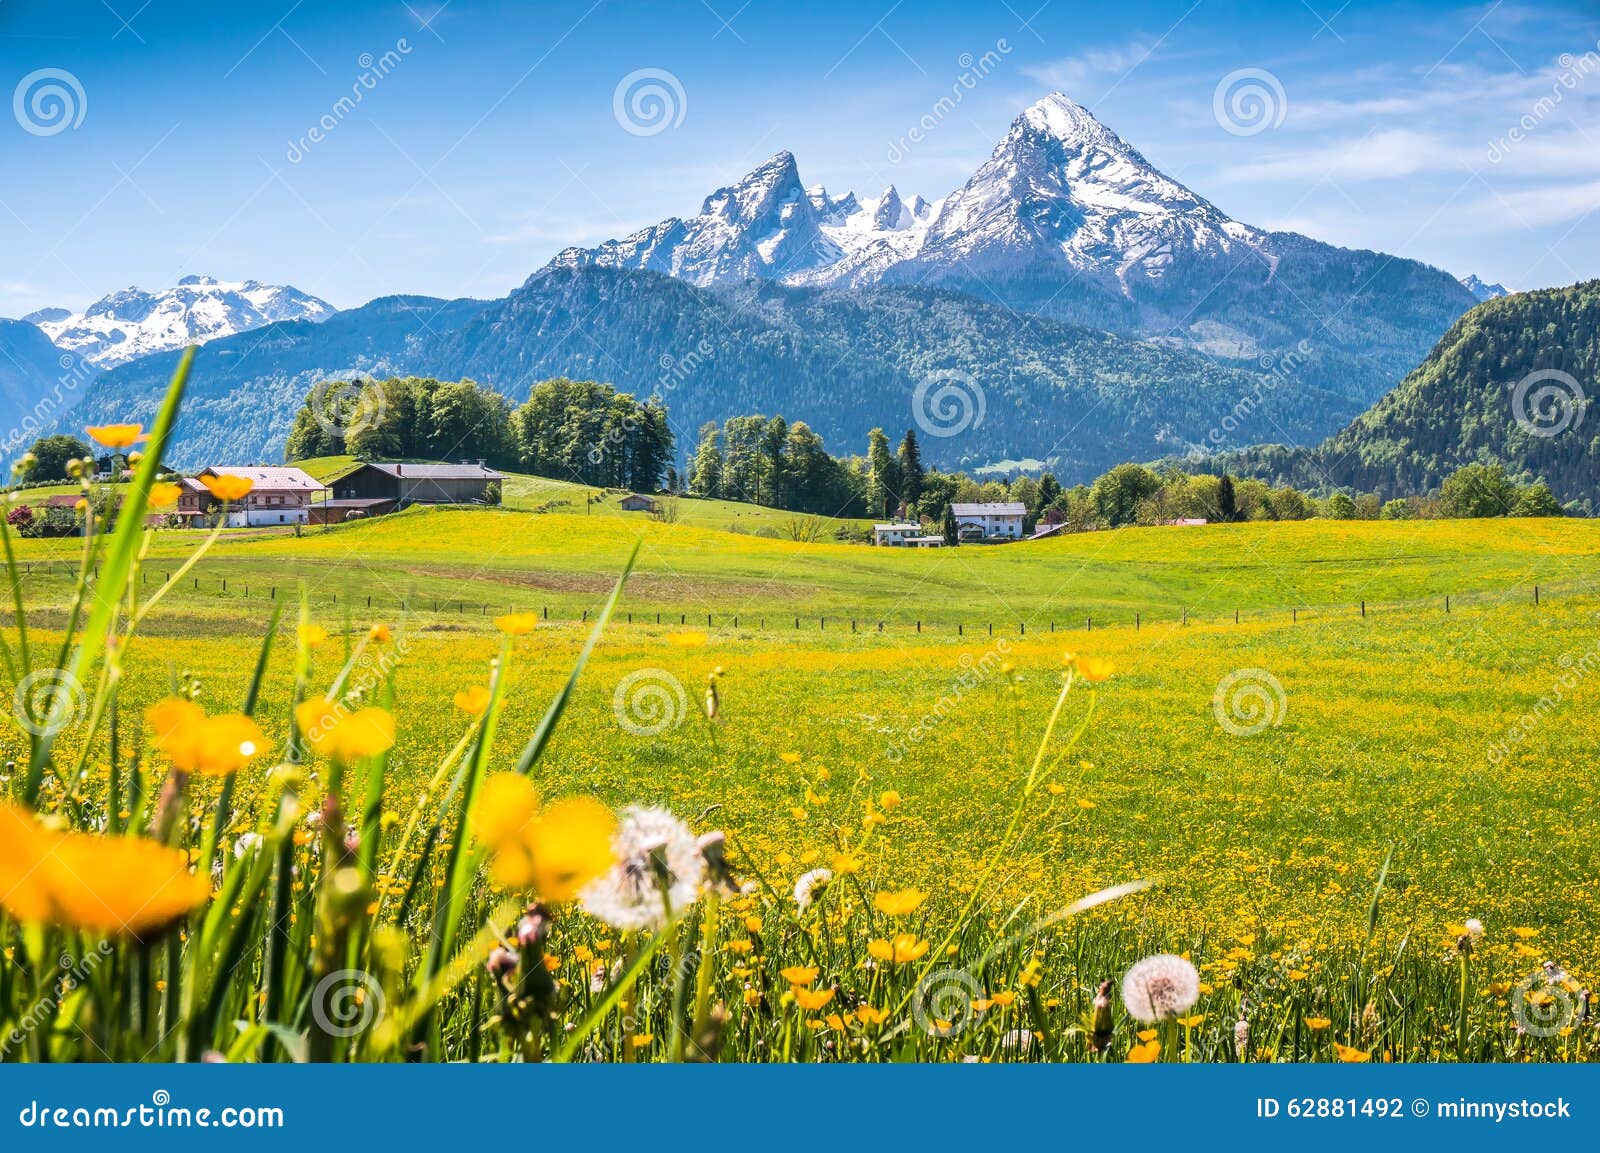 idyllic alpine landscape with green meadows, farmhouses and snowcapped mountain tops
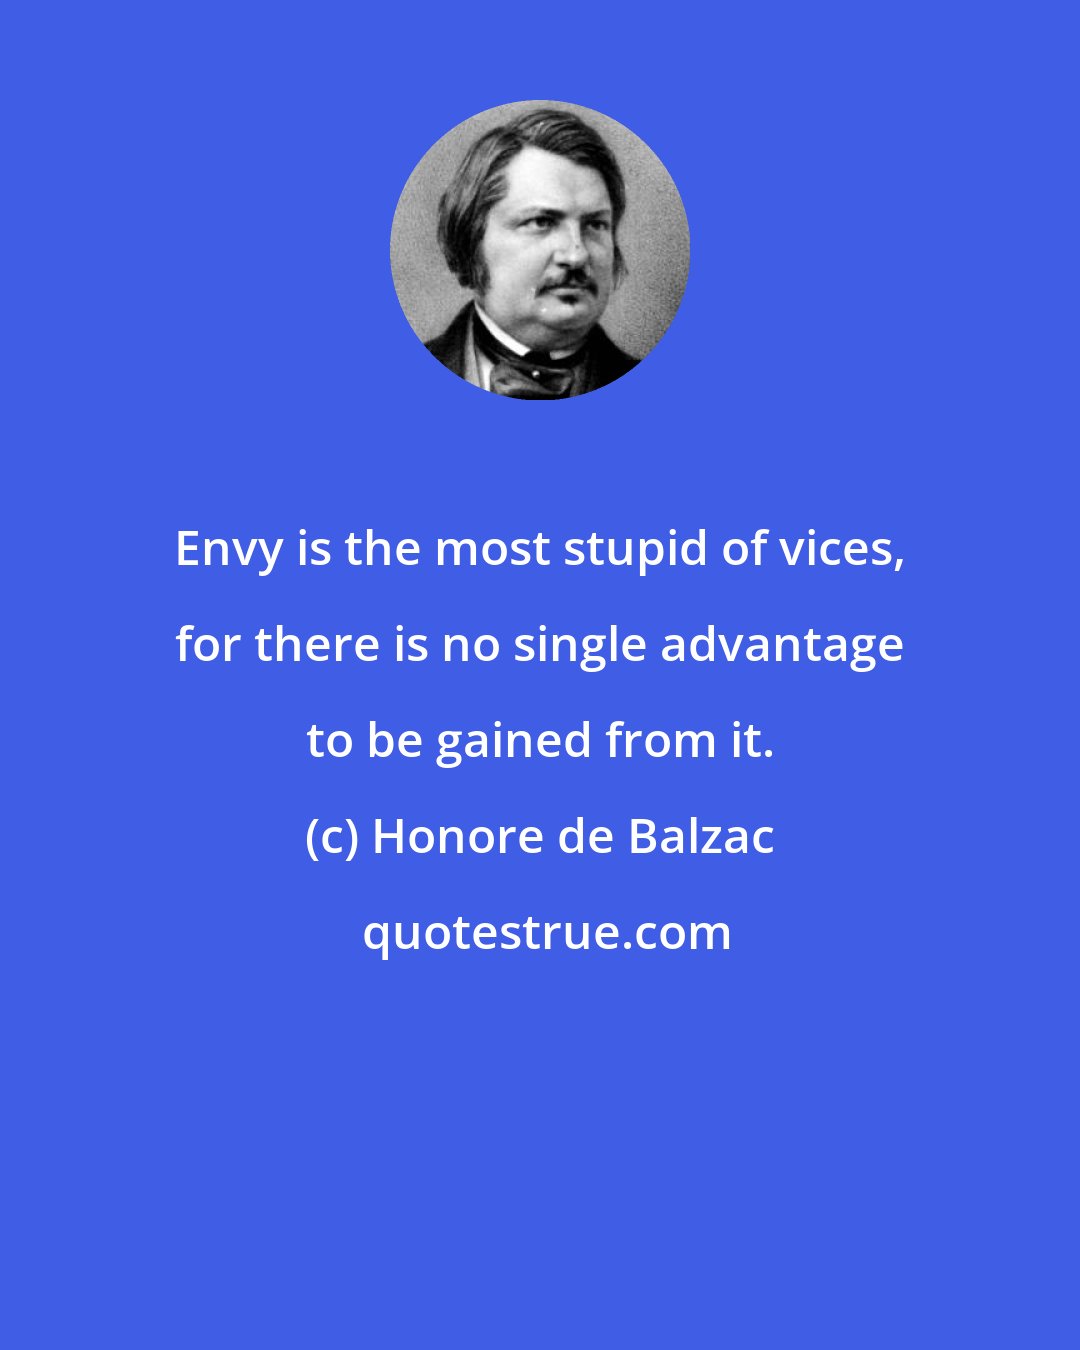 Honore de Balzac: Envy is the most stupid of vices, for there is no single advantage to be gained from it.
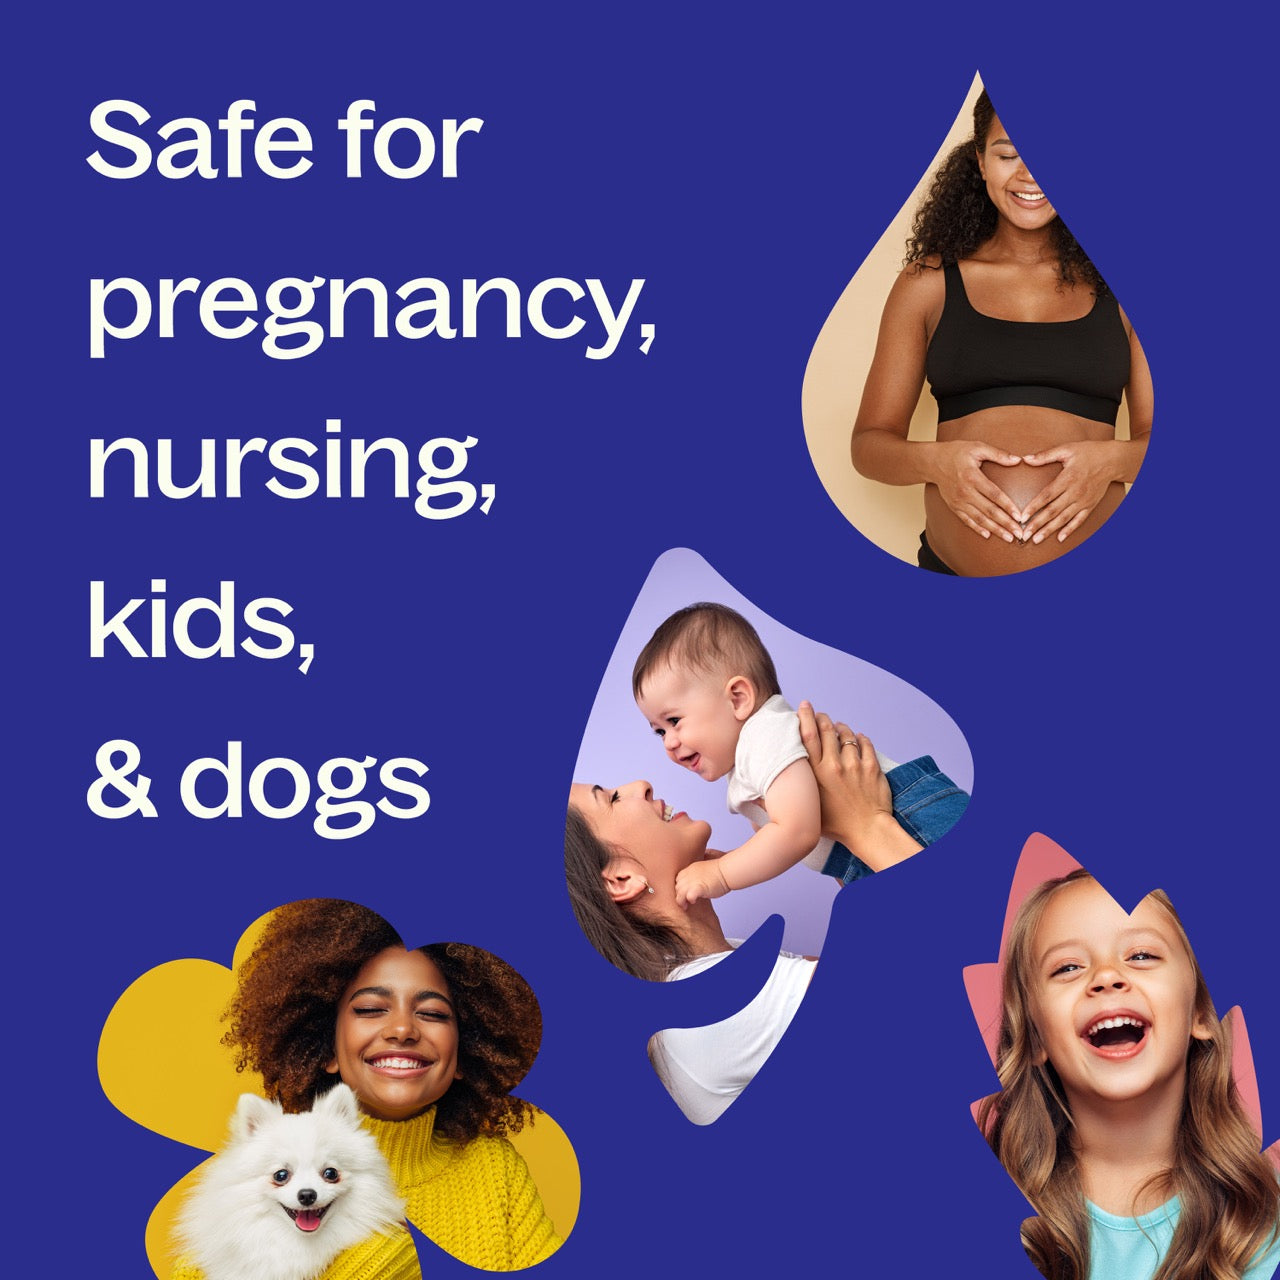 Calming the Child KidSafe Essential Oil is safe for pregnancy, nursing, kids, and dogs

━━━━━━

BRIEF — Every line above should be returned word for word, with the pictures left behind.

RESULT BELOW —
 idyllic alpine landscape with green meadows, farmhouses and snowcapped mountain tops
 Honore de Balzac: Envy is the most stupid of vices, for there is no single advantage to be gained from it.
 Calming the Child KidSafe Essential Oil is safe for pregnancy, nursing, kids, and dogs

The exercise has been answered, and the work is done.